# 12v SQ Crew Meetup - Calgary AB - June 25th - 10am till whenever



## AudioGal (Oct 16, 2019)

Hi all, we are having one of our casual fun centered meet and greet events on June 25th. The parking lot we use is located right beside Mary Browns Chicken. Map is attached.

You are welcome to come out, have fun and chat about car audio. Show off your rig and listen to others peoples systems. There is no rig to small or to big. Systems do not need to be finished or tuned to perfection! It is always exciting to see what peoples different approaches are.

I think i have removed most common barriers,  so if you can make the time to attend i believe you will have a good time with the crew!

This is NOT a competition event in any way shape or form, and is intended to grow and promote the community as a whole in Alberta, Canada. If you have a competition rig please bring it and promote that aspect of the hobby, all SQ rigs welcome!


----------



## AudioGal (Oct 16, 2019)

Bumping this up, incase it was missed by the masses !


----------



## BigAl205 (May 20, 2009)

I'd love to meet up...too bad it's 30 hours away. Meet me halfway? 😆


----------



## AudioGal (Oct 16, 2019)

BigAl205 said:


> I'd love to meet up...too bad it's 30 hours away. Meet me halfway? 😆


I know right, i see the cool meets down in the US and then i look them up and go DAM!!! It would take all of my holidays just to drive there and back  

I would love to connect with you guys down there !!!


----------



## dkc7 (Jan 7, 2022)

35 hours for me, damn


----------



## AudioGal (Oct 16, 2019)

One week till our meetup in Calgary . Hope to see some of the local DIYMA folks there 😎


----------



## AudioGal (Oct 16, 2019)

Okay i know there are lurkers out there. I just attended a car audio event in British Columbia and i met some of them. That event was a success and fun was had by all. We should be able to do the same thing here.

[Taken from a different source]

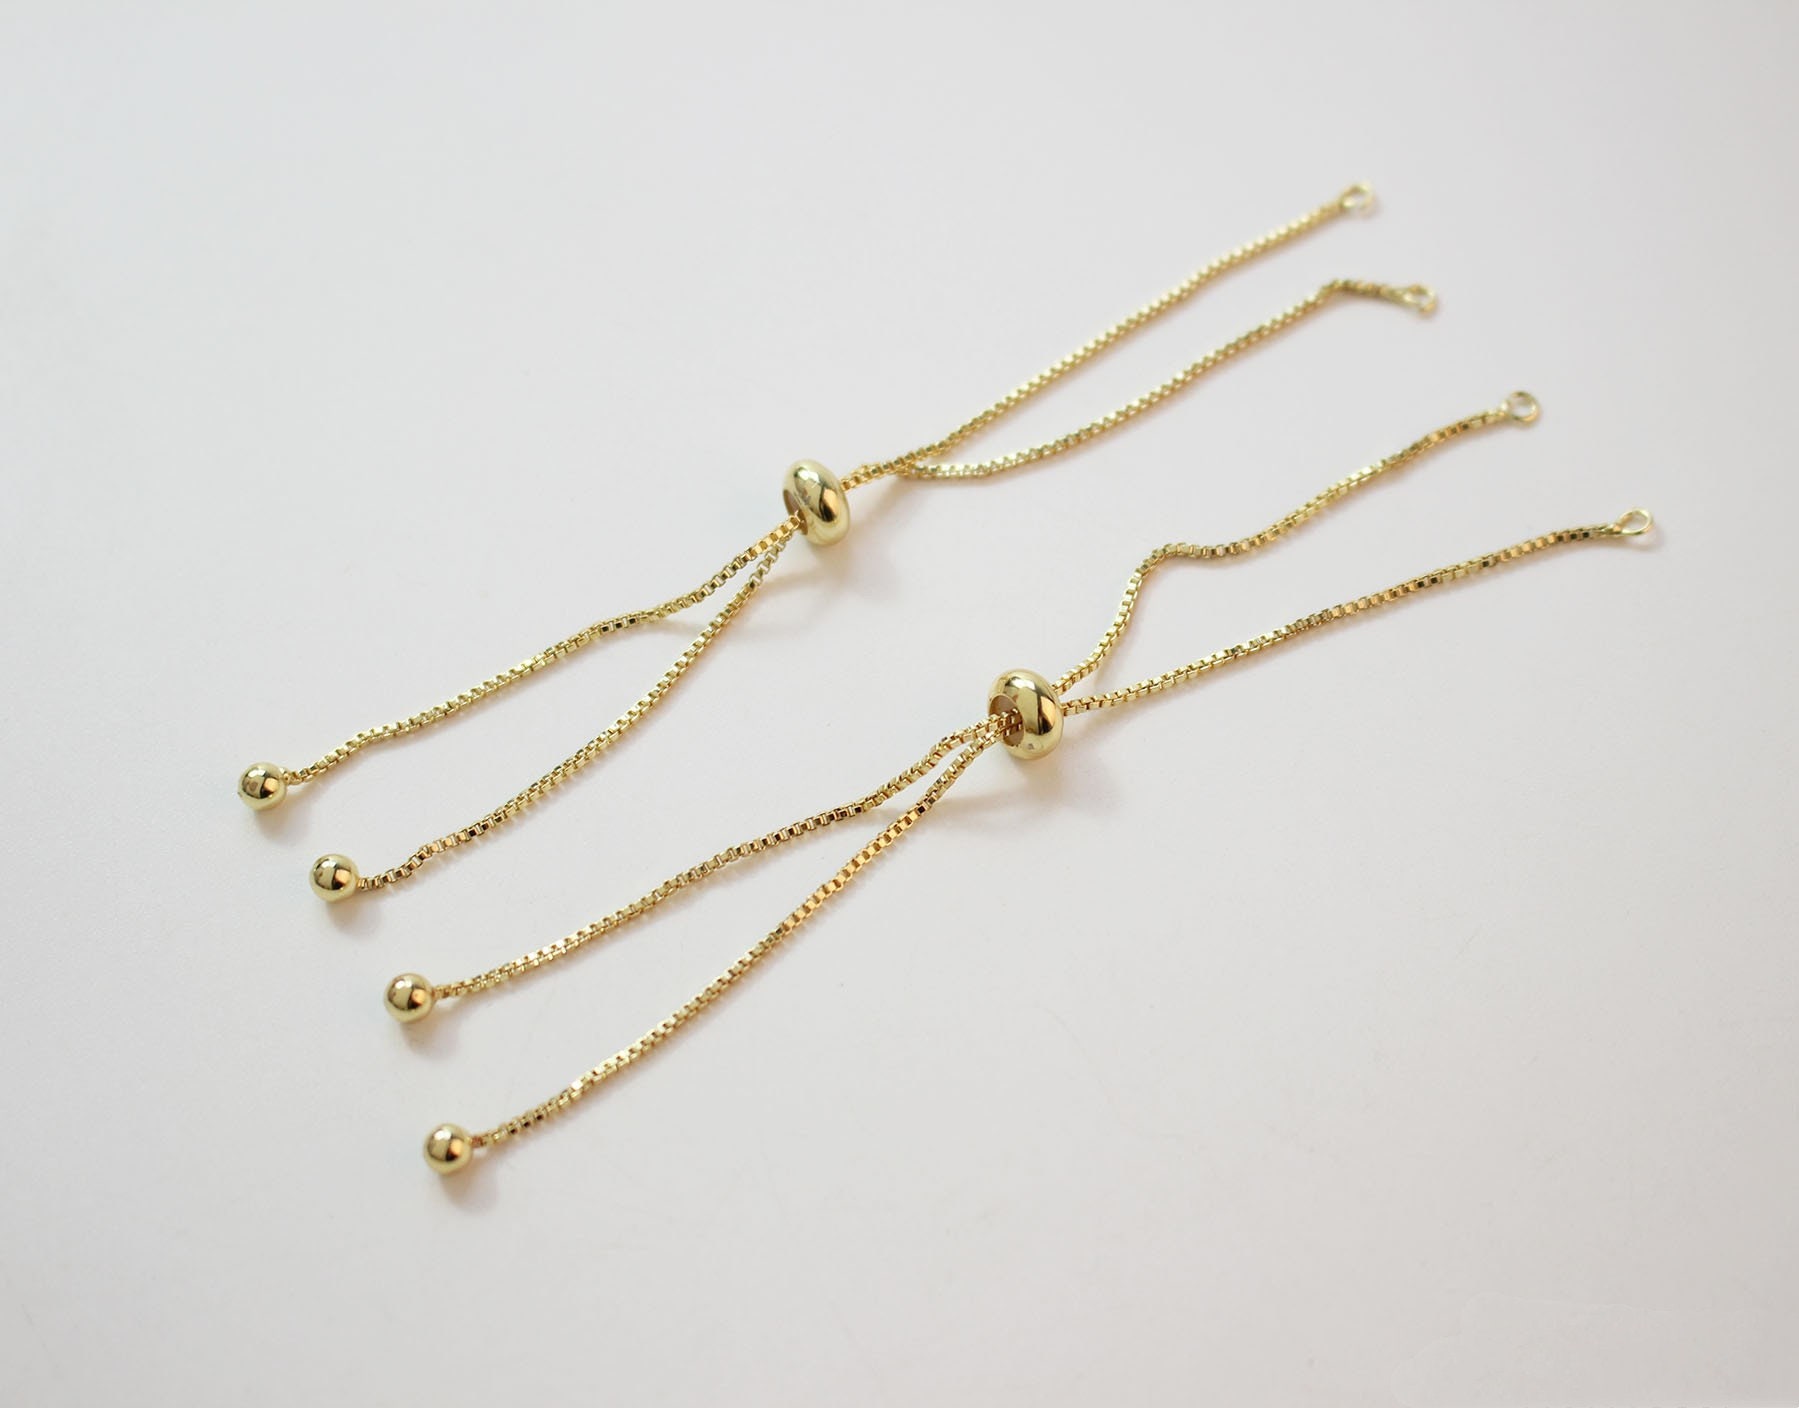 3pcs 18K Gold Plated Brass Adjustable Chain Bracelet GG1649 - Etsy
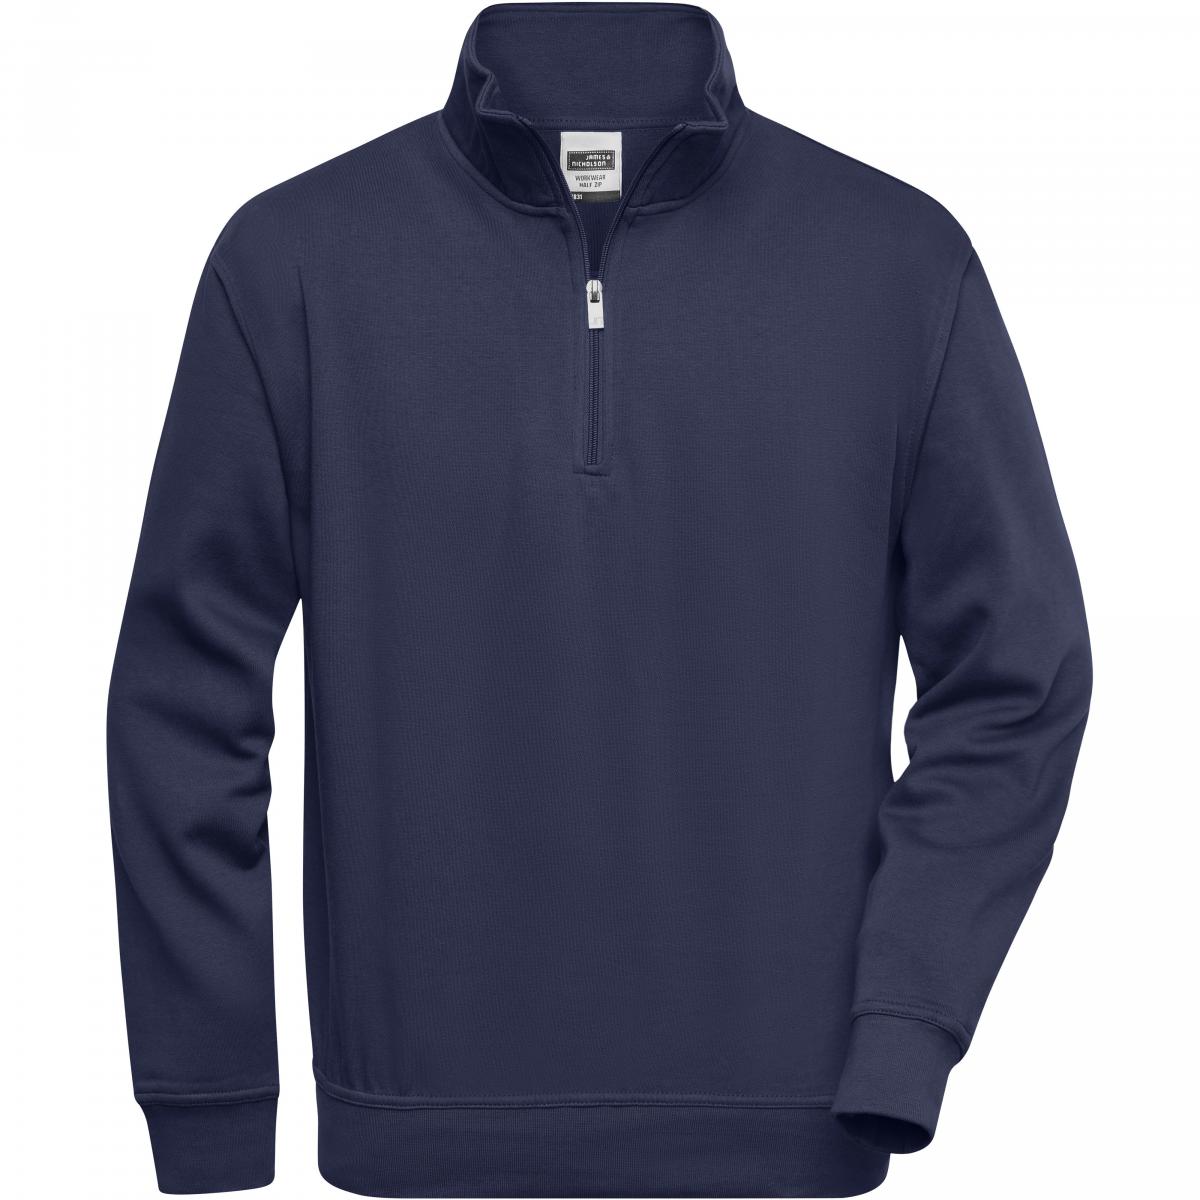 Hersteller: James+Nicholson Herstellernummer: JN831 Artikelbezeichnung: Workwear Half Zip Sweatshirt +Waschbar bis 60 °C Farbe: Navy

So if you are a lurker, please come out, have some fun and meet some of the other car audio lovers in the area, and listen to a variety of cars !!!


----------



## JimmyDee (Mar 8, 2014)

I'll be there.

@BigAl205 @dkc7 ... better start driving now, in order to make it by Saturday morning!


----------



## dkc7 (Jan 7, 2022)

With regrets I will not be able to attend. between 35 hours and $2.60/lt for 94 octane, its not doable. Hoping to get to Va. in sept. Hope everyone has a great time. Maybe next year.


----------